Dungeons & Dragons held an almost irresistible lure. Here was a game where you could pretend to be a different person. You could solve puzzles and explore mysterious and magical realms. It sounded perfect!
But D&D was forbidden. Like tarot cards, Ouija boards, and even ordinary playing cards, anything to do with magic or mysterious symbols was presumed to be imbued with evil forces. Wicked spirits clung to those D&D figurines, to the strange books and polyhedral dice. They lurked, waiting for a chance to creep into the minds of young people, to possess them, or worse — to drag them away from God and into a life of sin and sex, addiction, devil worship and human sacrifice (in roughly that order).
Such were the images of the game in my impressionable young mind: a collection of scripture fragments, urban legends and fearsome admonishments from my mother.
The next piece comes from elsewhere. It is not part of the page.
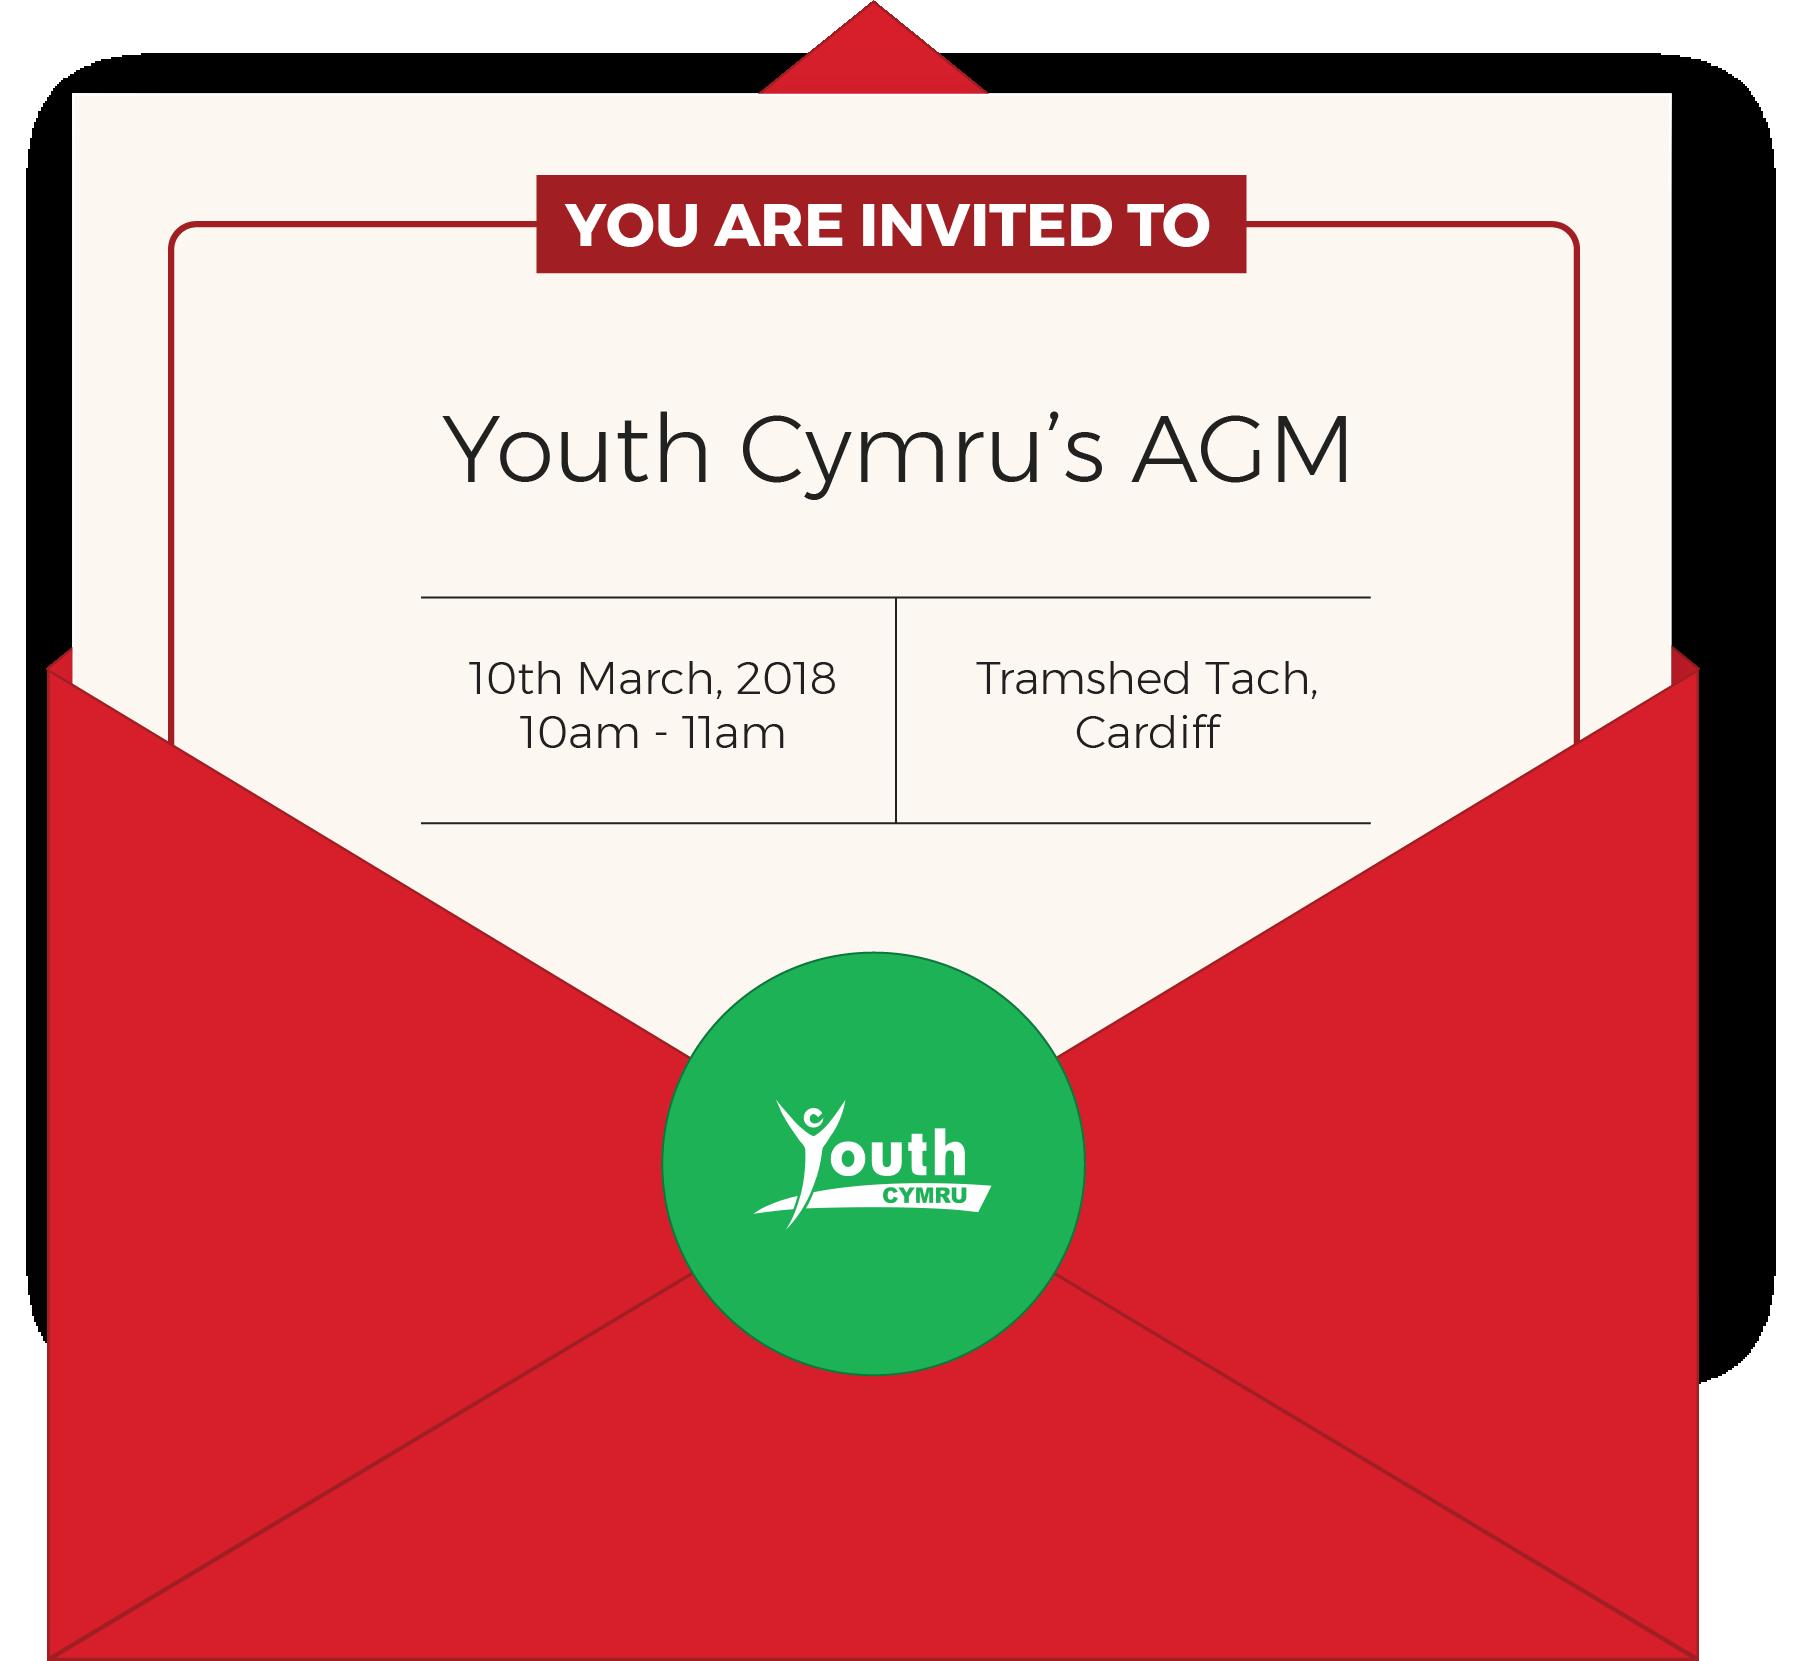 Youth Cymru's AGM

The cover of the Player’s Guide revealed this truth: pictures of scary monsters! Scary things are evil. Because evil is scary.
I’d been told that D&D taught kids to cast actual spells. Someone was just bound to accidentally summon a demon; it only follows. As my mother always said, it’s all fun and games until someone joins a coven. (Then it’s just fun.)
D&D is the gateway drug to Satanism, I had no doubt.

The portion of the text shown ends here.